* [What to produce]
Transcribe the data underneath exactly. No images belong in your version.

* [The data]

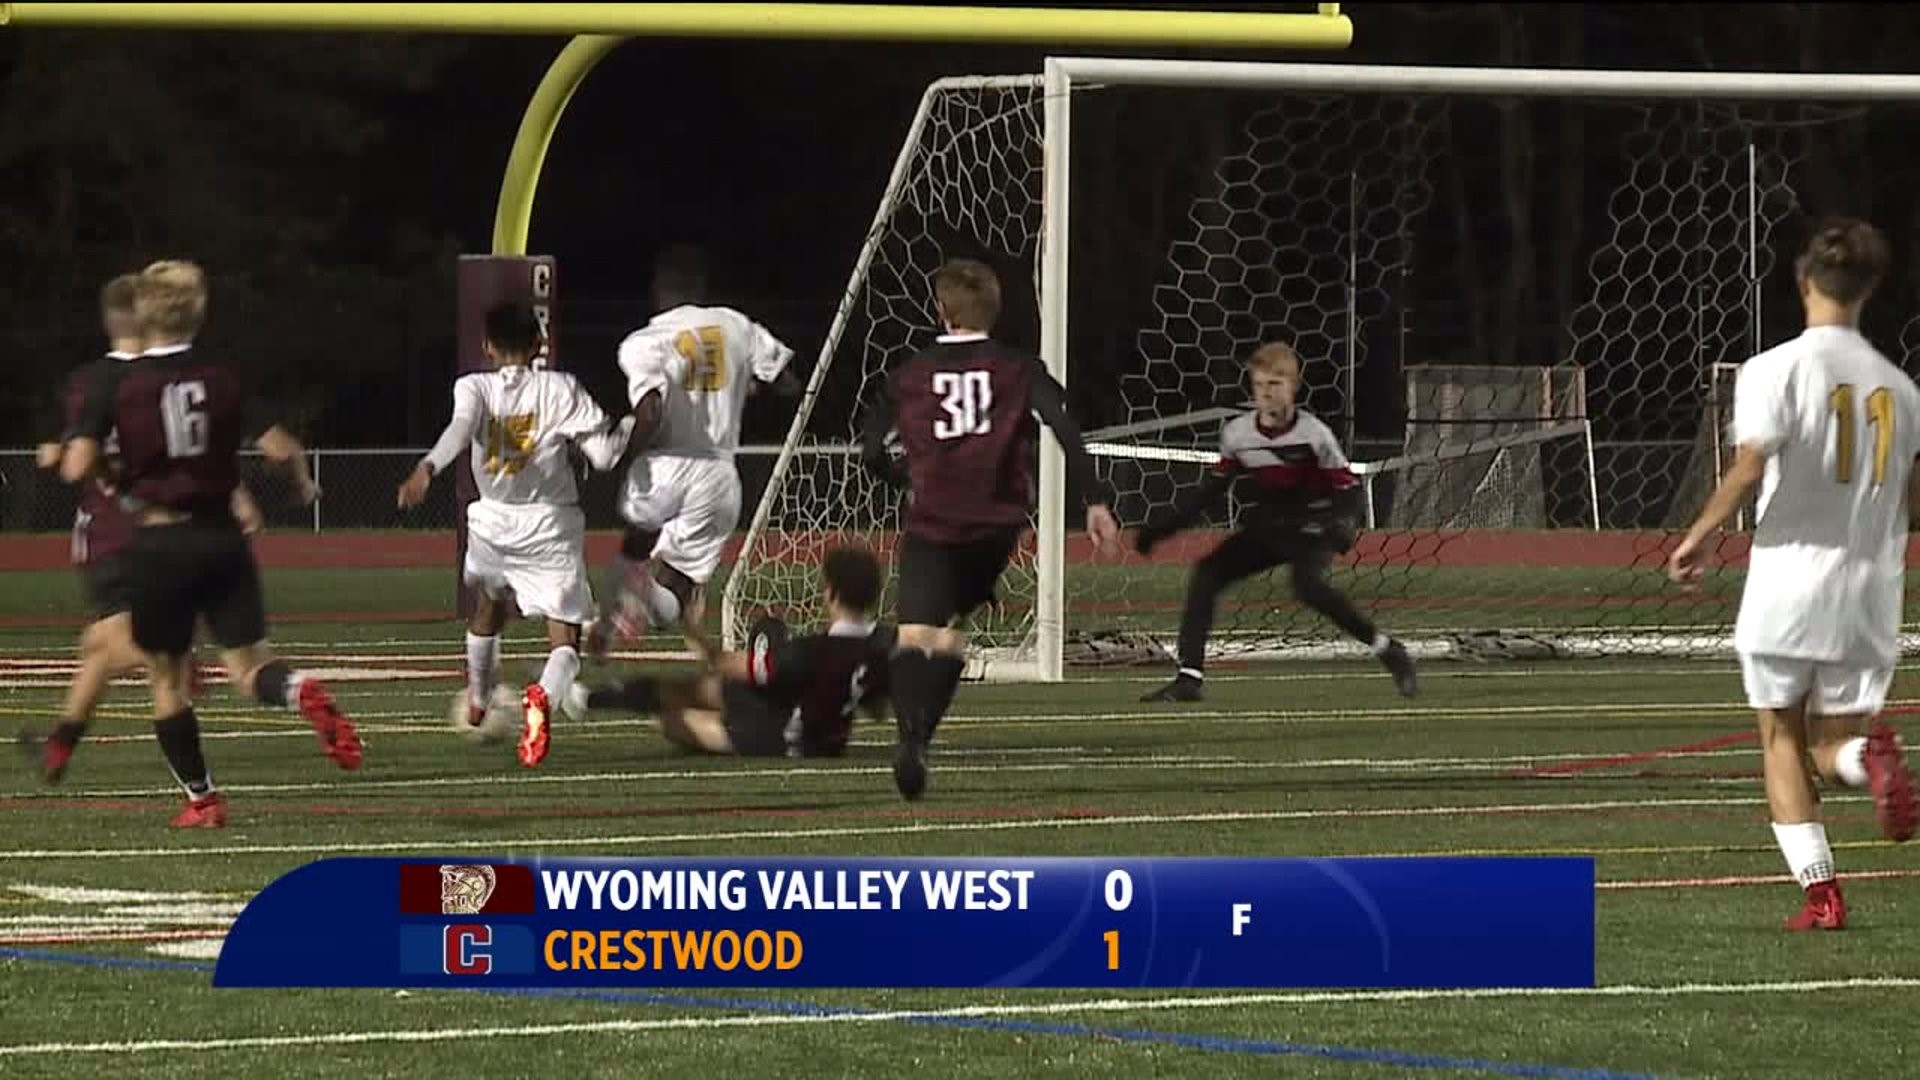 Crestwood vs Wyoming Valley West boys soccer
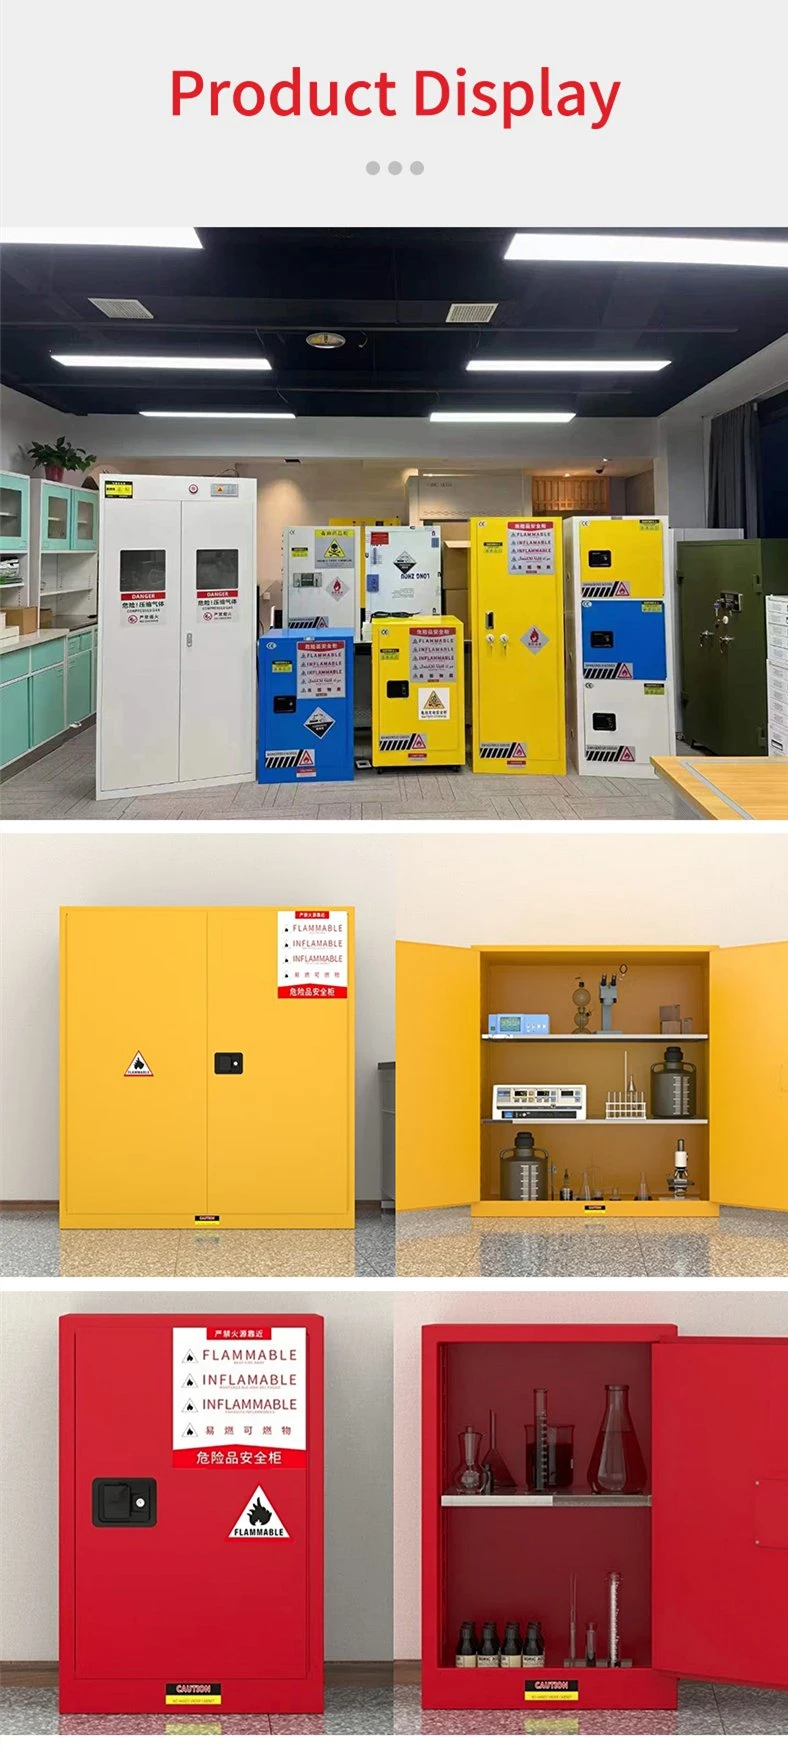 2 Door Flammable Liquid Chemical Safety Storage Cabinet
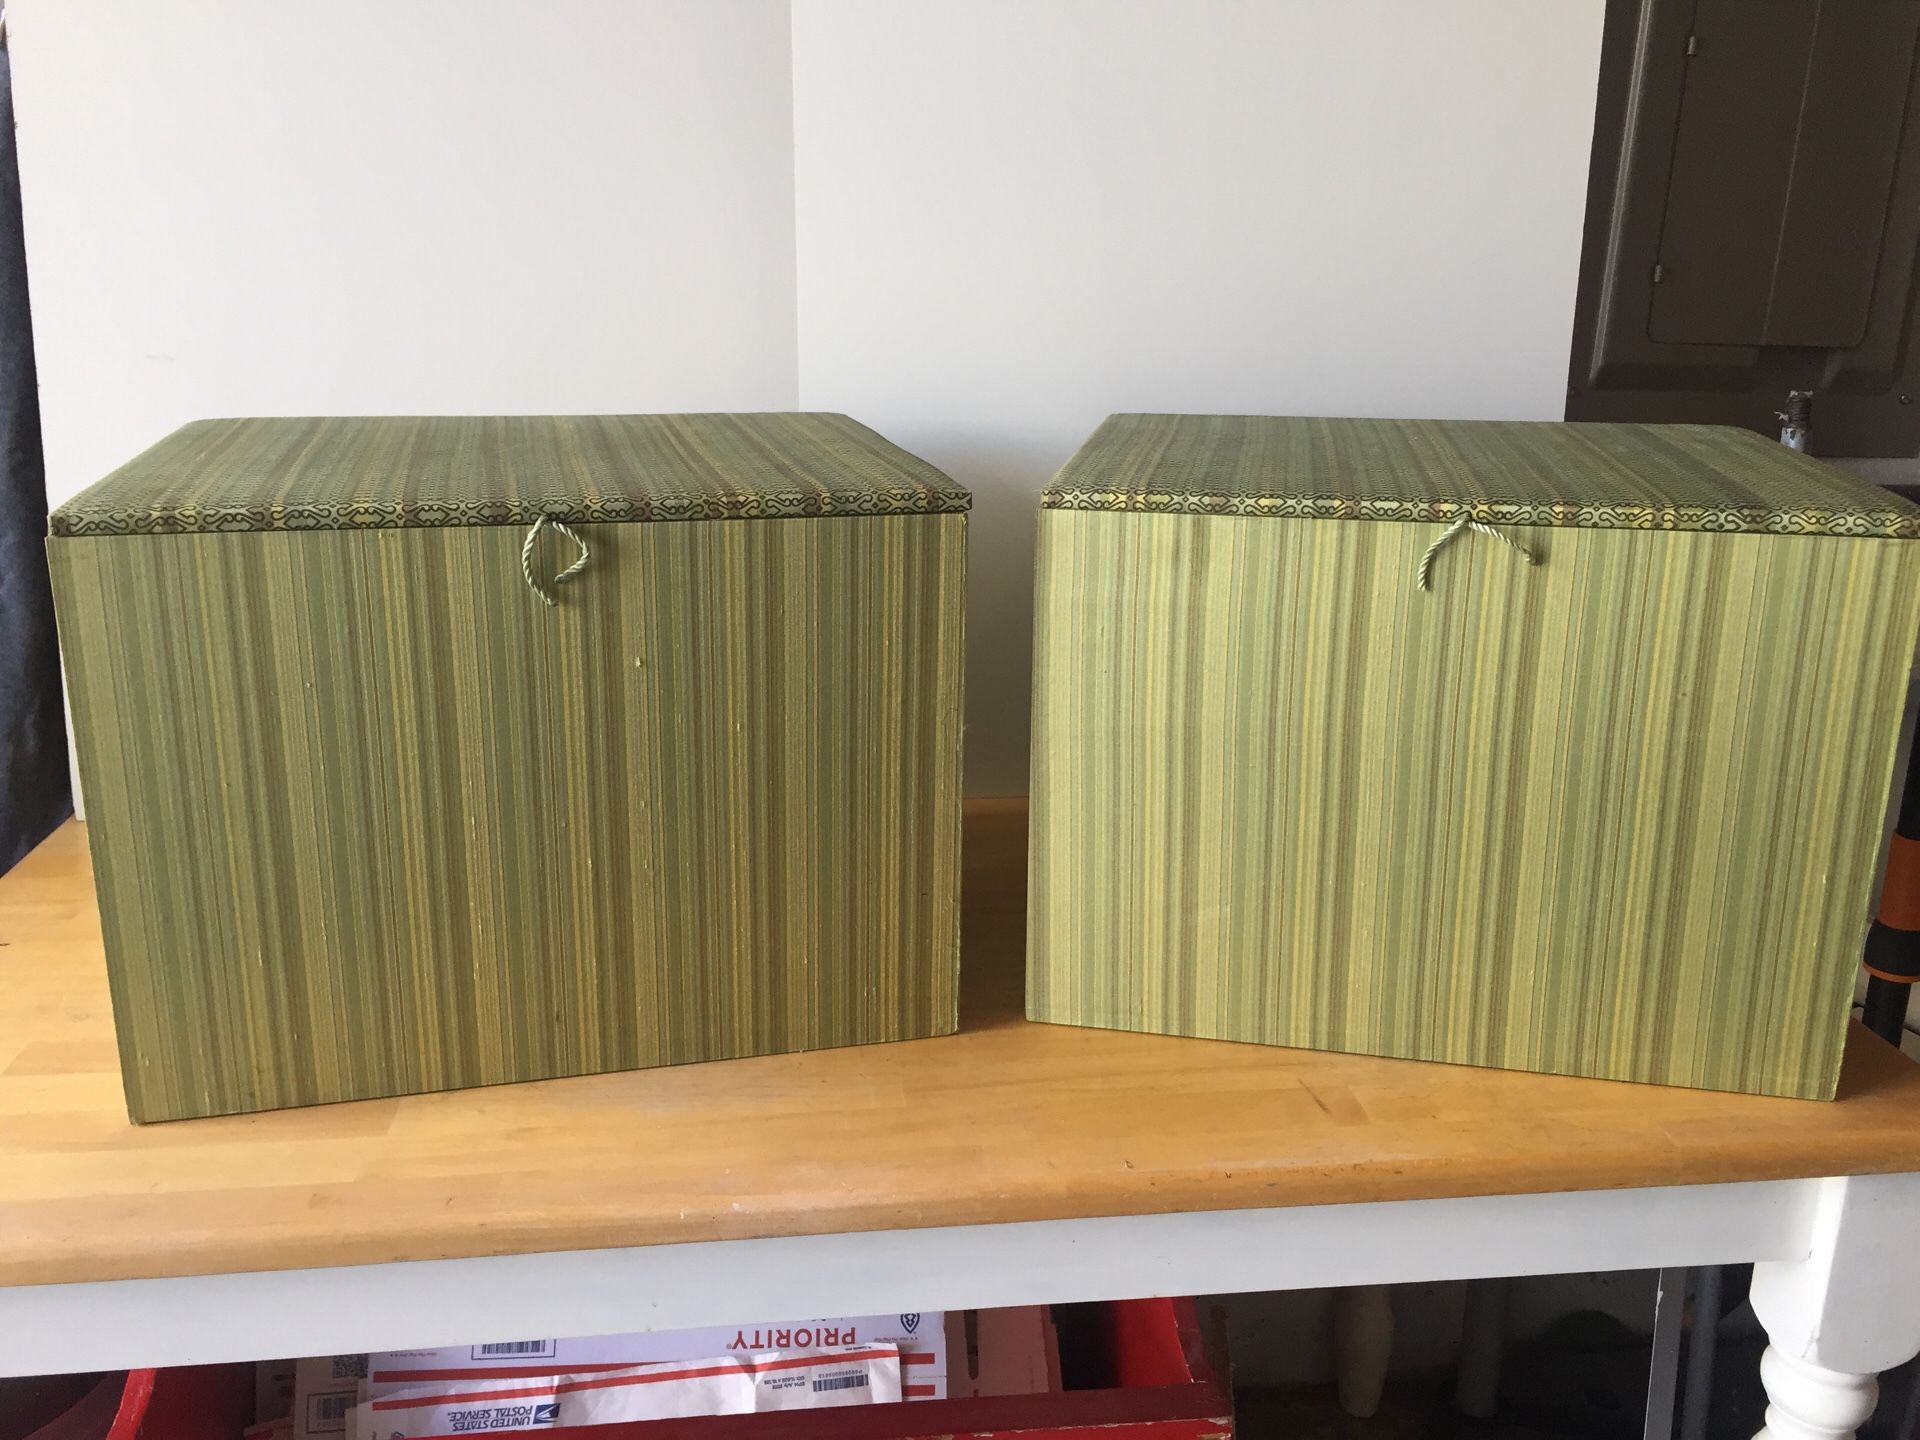 Pair of Fabric covered file boxes/ storage boxes from either Pottery barn or Pier 1
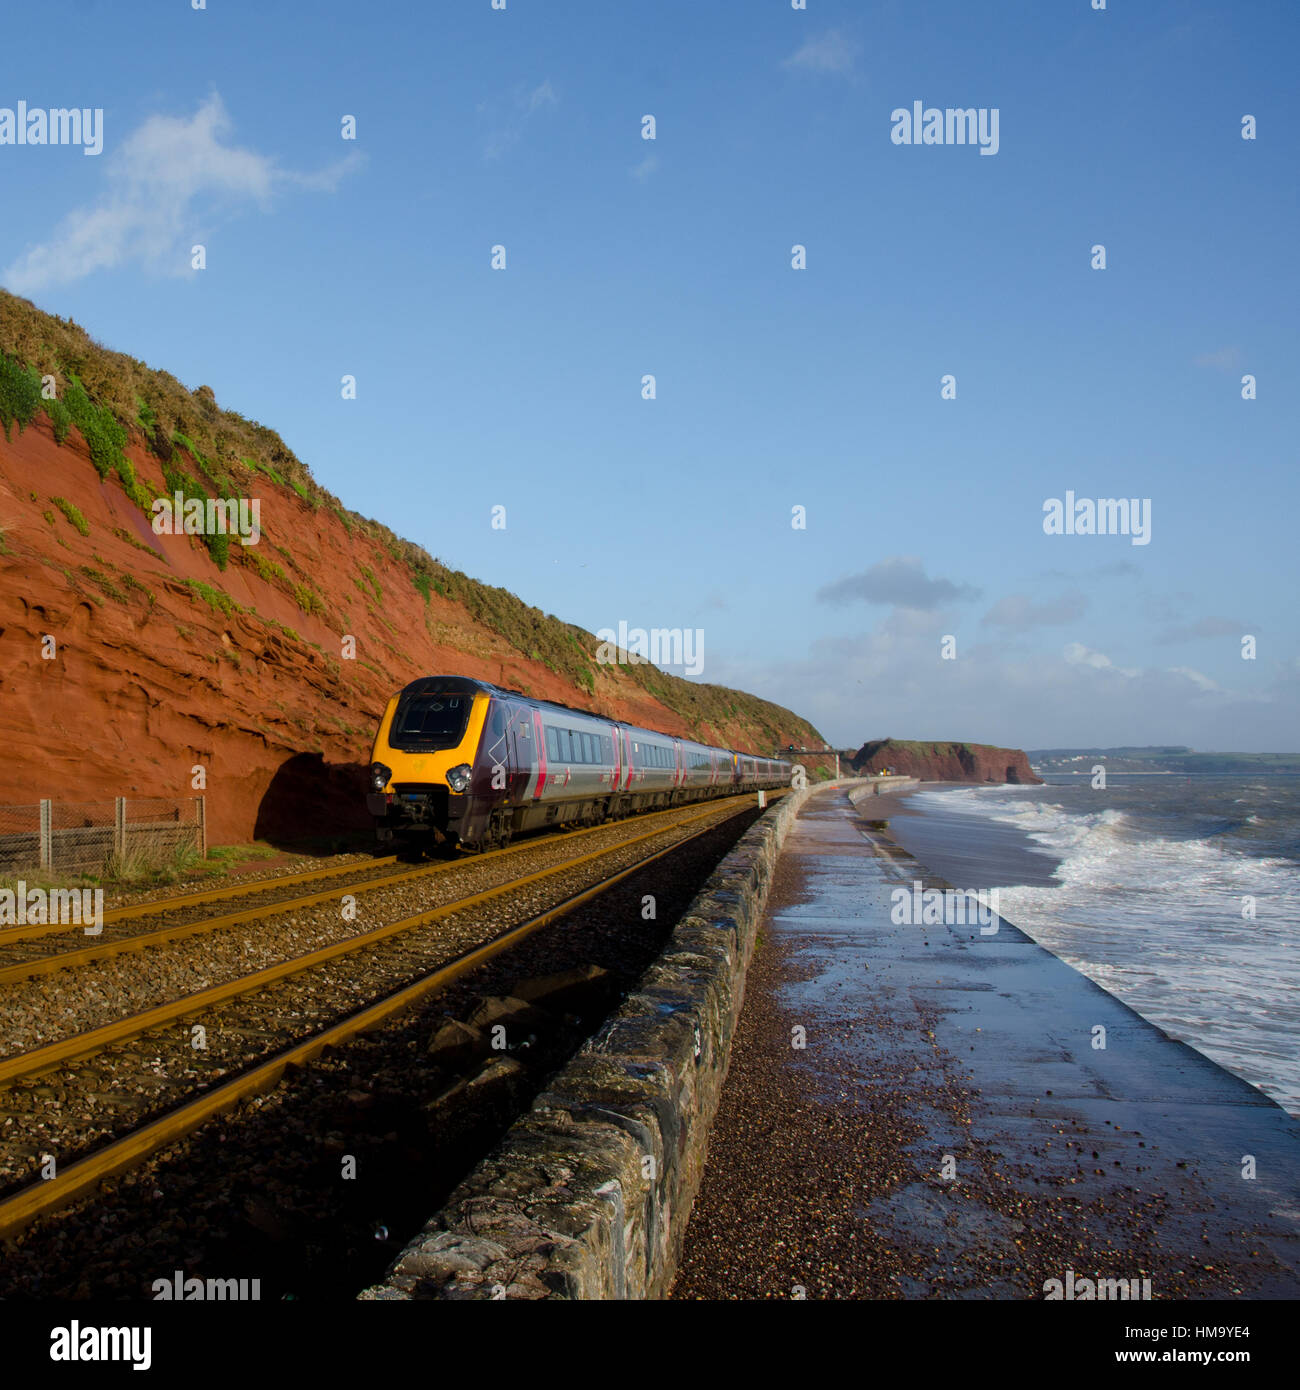 An Arriva Cross Country Class 220 Voyager High Speed Train between Dawlish and Dawlish Warren.  In the bacjground is Langstone Rock. Stock Photo

* [Result]
 Crestwood vs Wyoming Valley West boys soccer
 2 Door Flammable Liquid Chemical Safety Storage Cabinet
 Pair of Fabric covered file boxes/ storage boxes from either Pottery barn or Pier 1
 An Arriva Cross Country Class 220 Voyager High Speed Train between Dawlish and Dawlish Warren.  In the bacjground is Langstone Rock. Stock Photo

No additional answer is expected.